--- STORED DATA ---
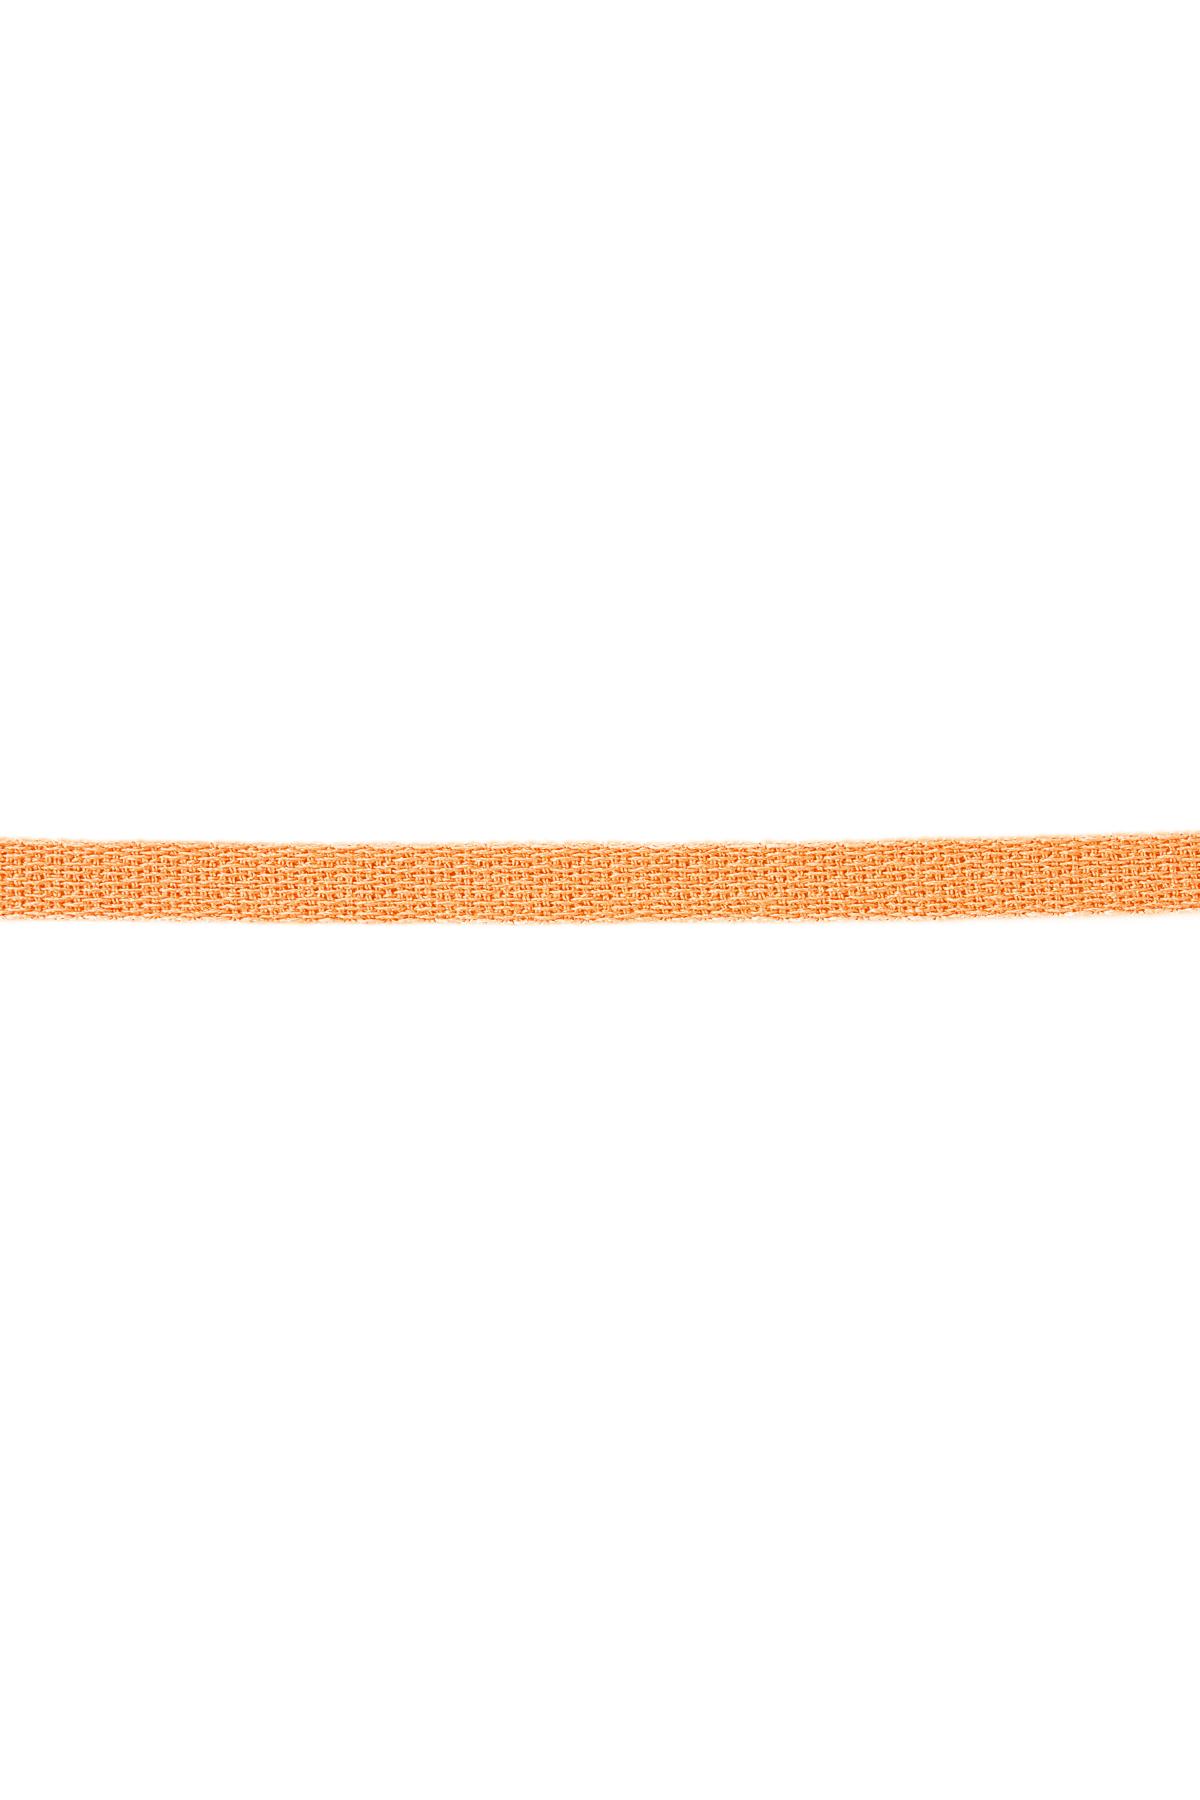 Bracelet ribbon solid color Orange Polyester h5 
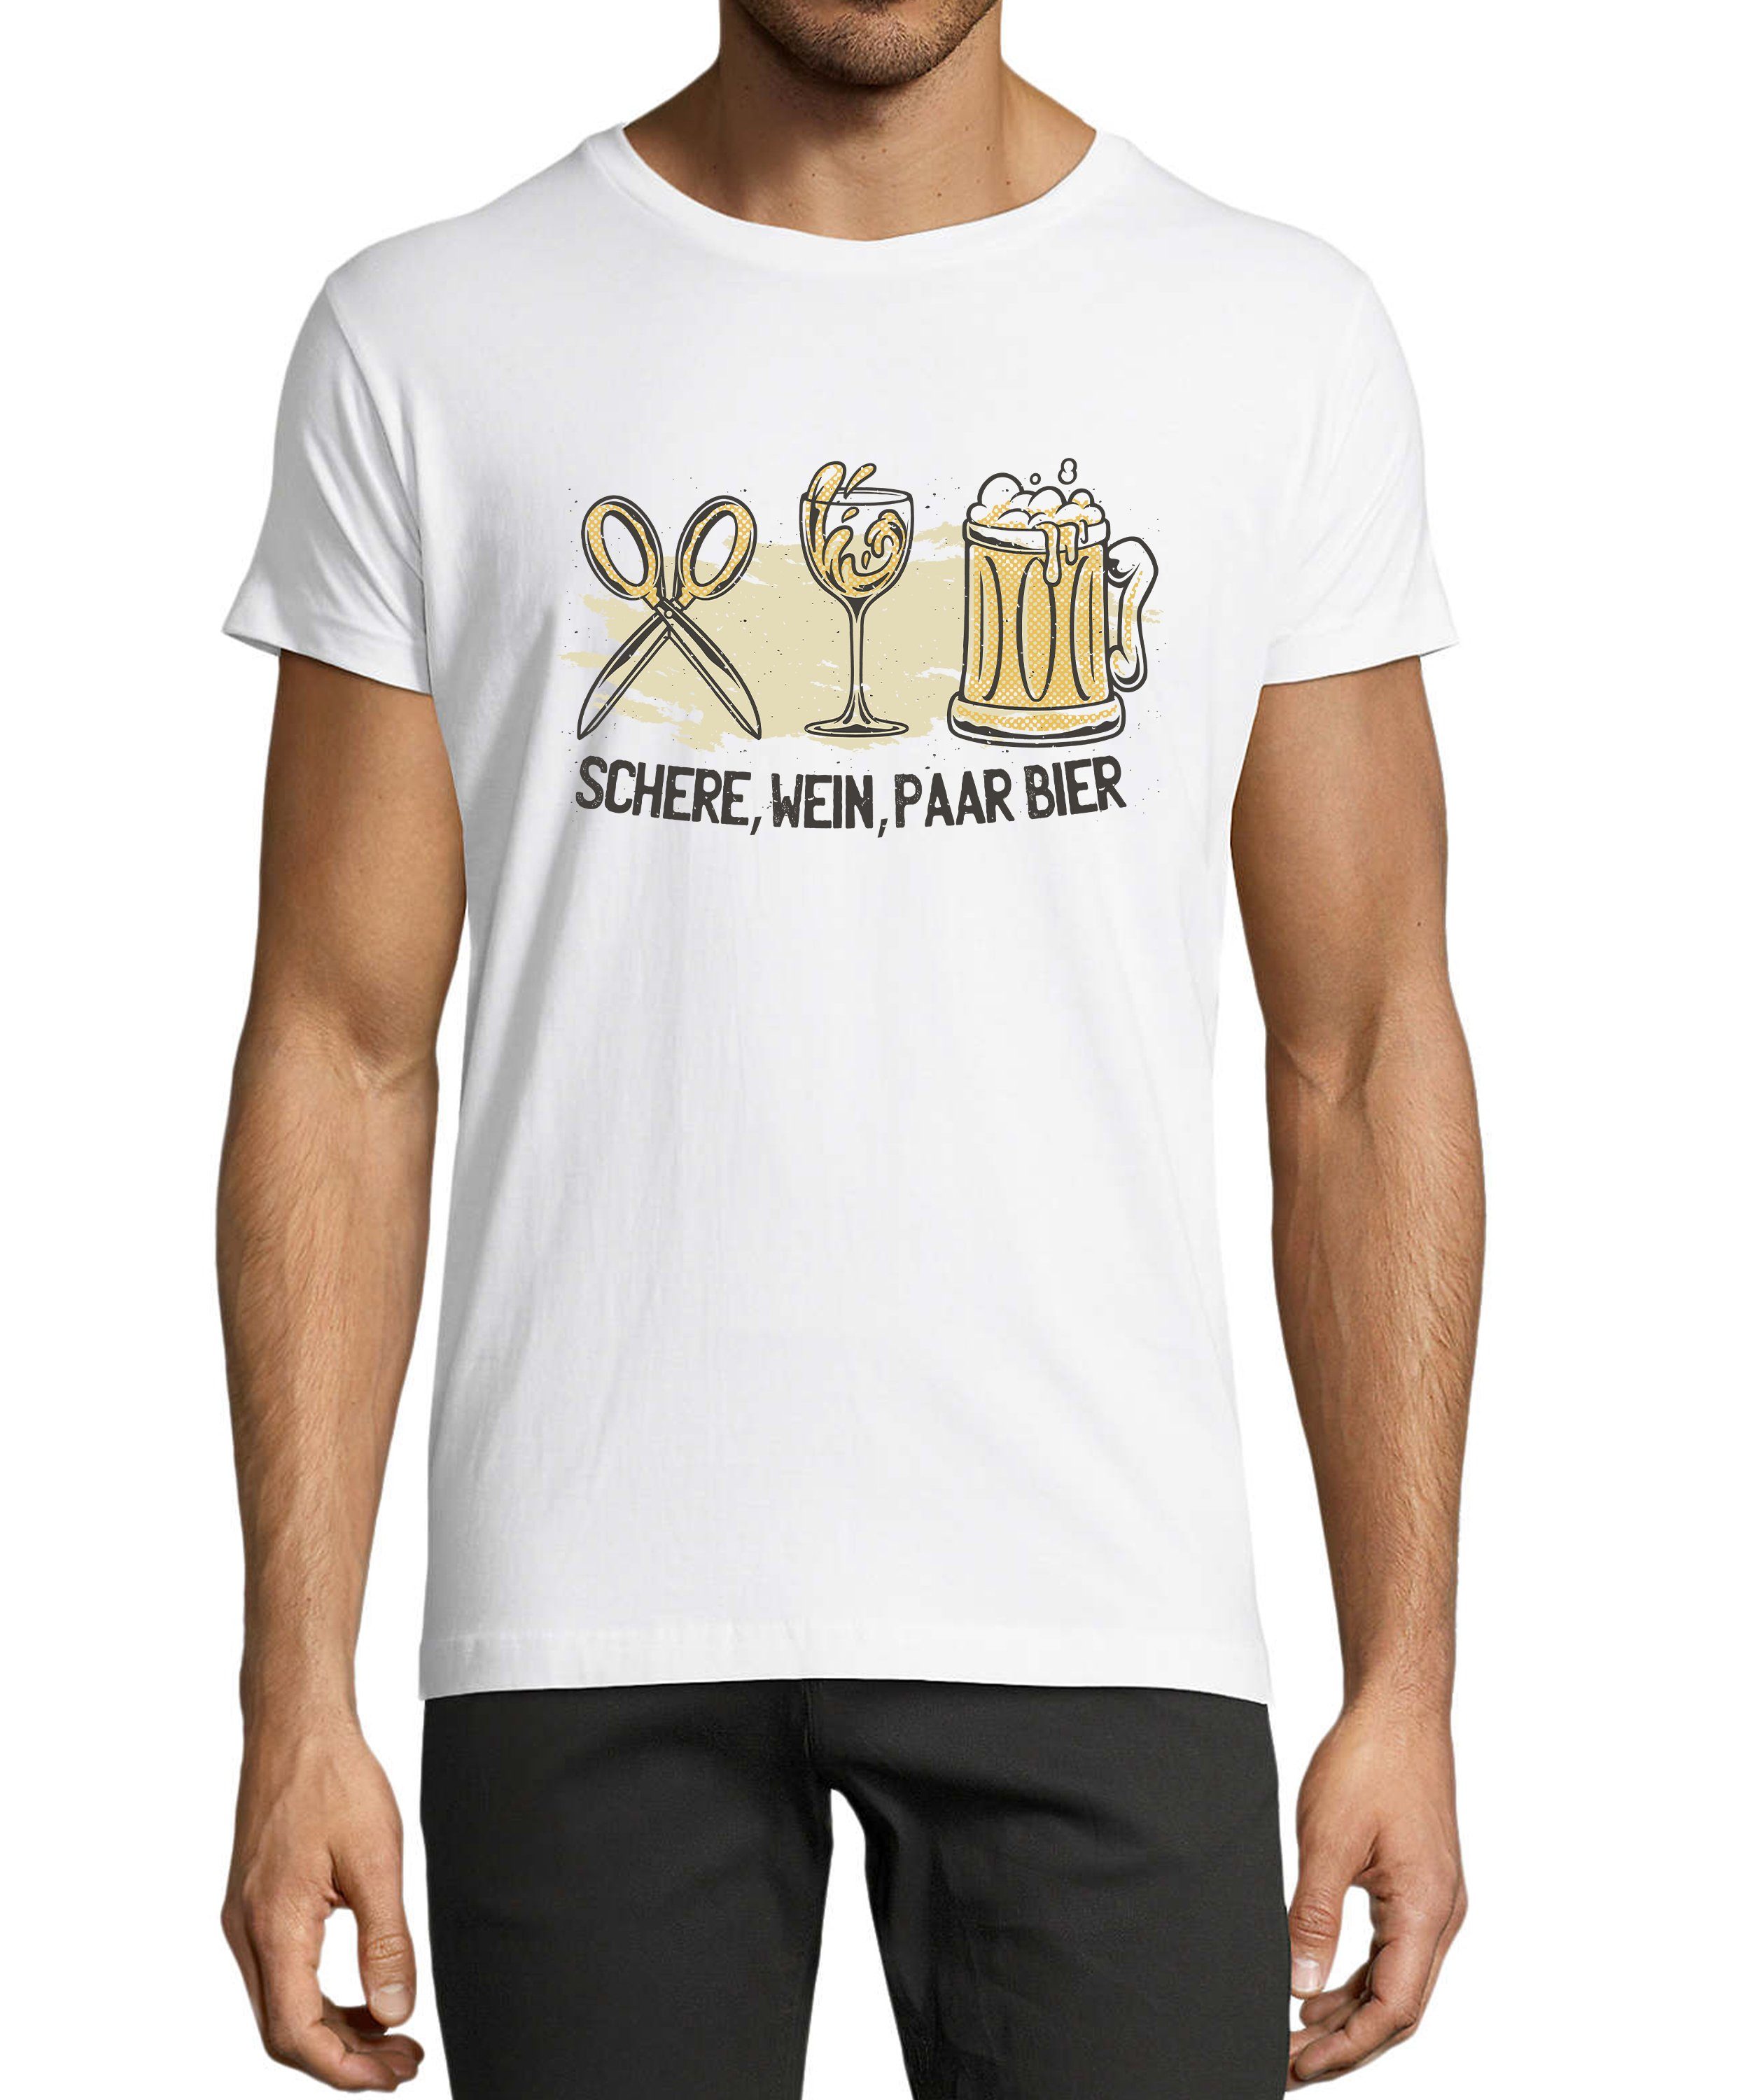 MyDesign24 Shirt mit Herren Regular T-Shirt Sprüche Wein, i321 Schere, Trinkshirt Bier Baumwollshirt Fit, Aufdruck weiss Paar -
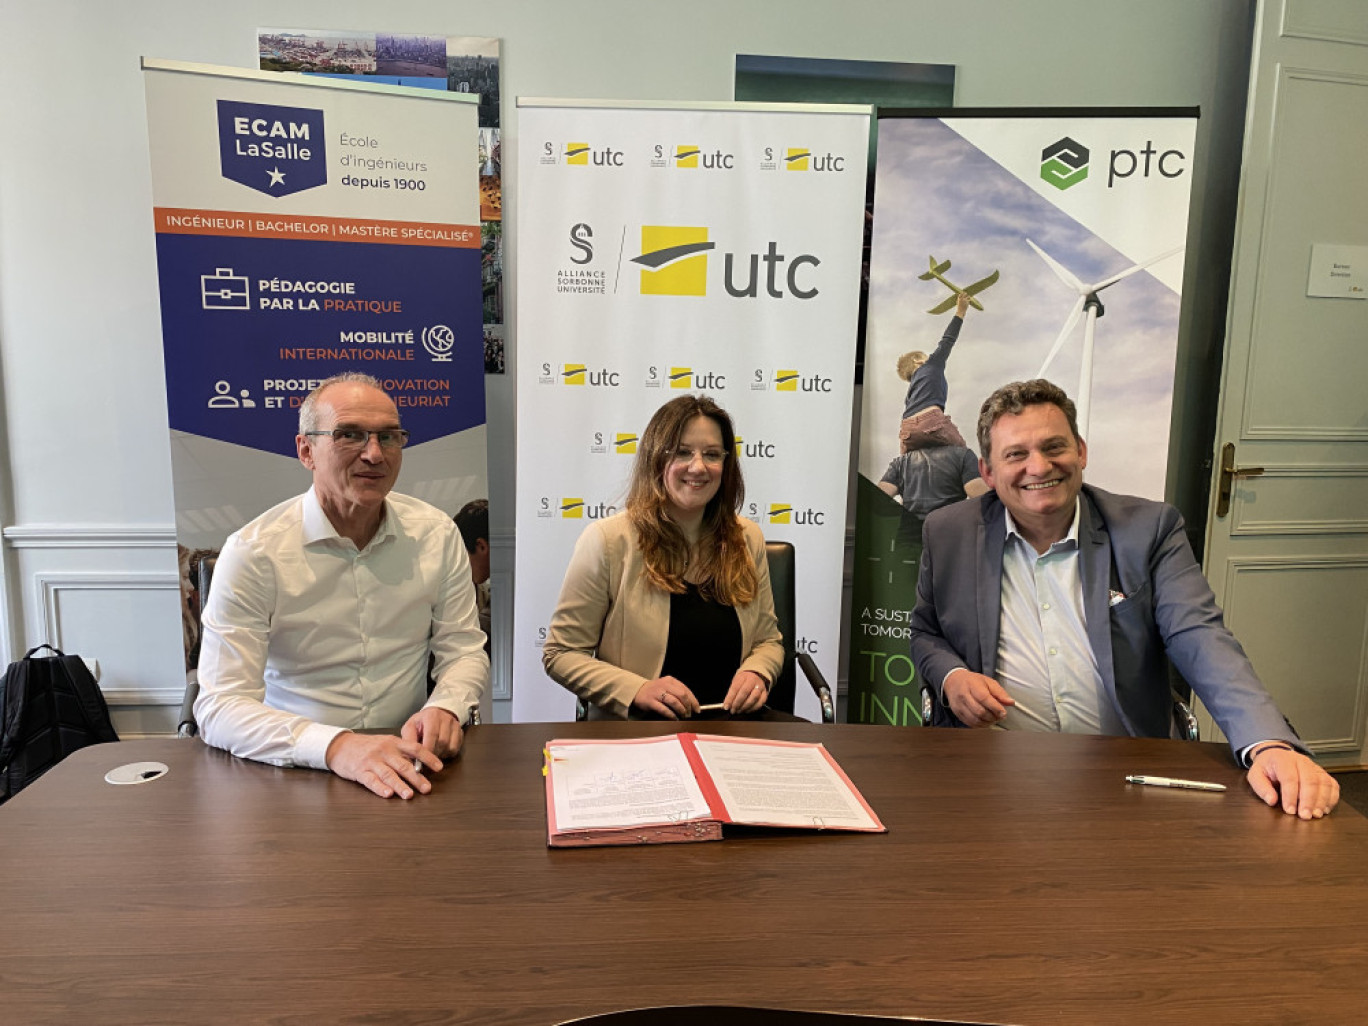 Signature de la convention entre Claire Rossi, directrice de l'UTC, Didier Desplanche, directeur de l’ECAM LaSalle et PTC.
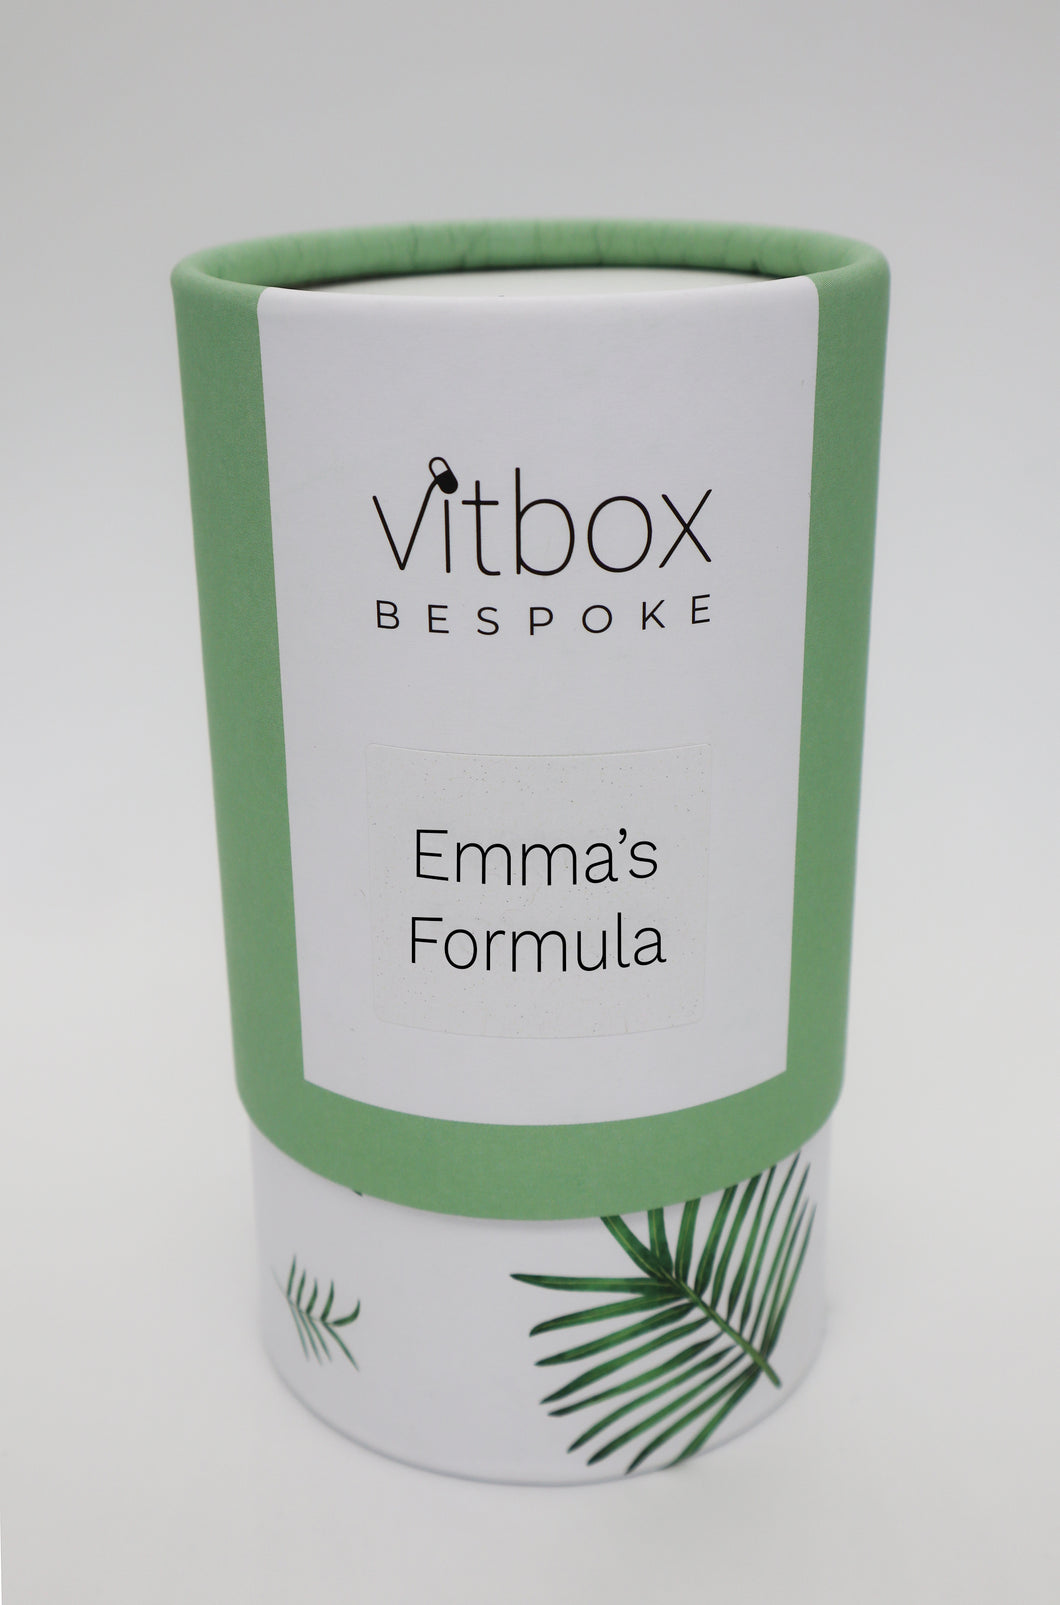 Emma's Vitbox Bespoke
---
### TASK OBJECTIVE
Retype the listing above exactly, pictures excluded.

### RESPONSE BOX
 Bracelet ribbon solid color Orange Polyester h5 
 MyDesign24 Shirt mit Herren Regular T-Shirt Sprüche Wein, i321 Schere, Trinkshirt Bier Baumwollshirt Fit, Aufdruck weiss Paar -
 Signature de la convention entre Claire Rossi, directrice de l'UTC, Didier Desplanche, directeur de l’ECAM LaSalle et PTC.
 Emma's Vitbox Bespoke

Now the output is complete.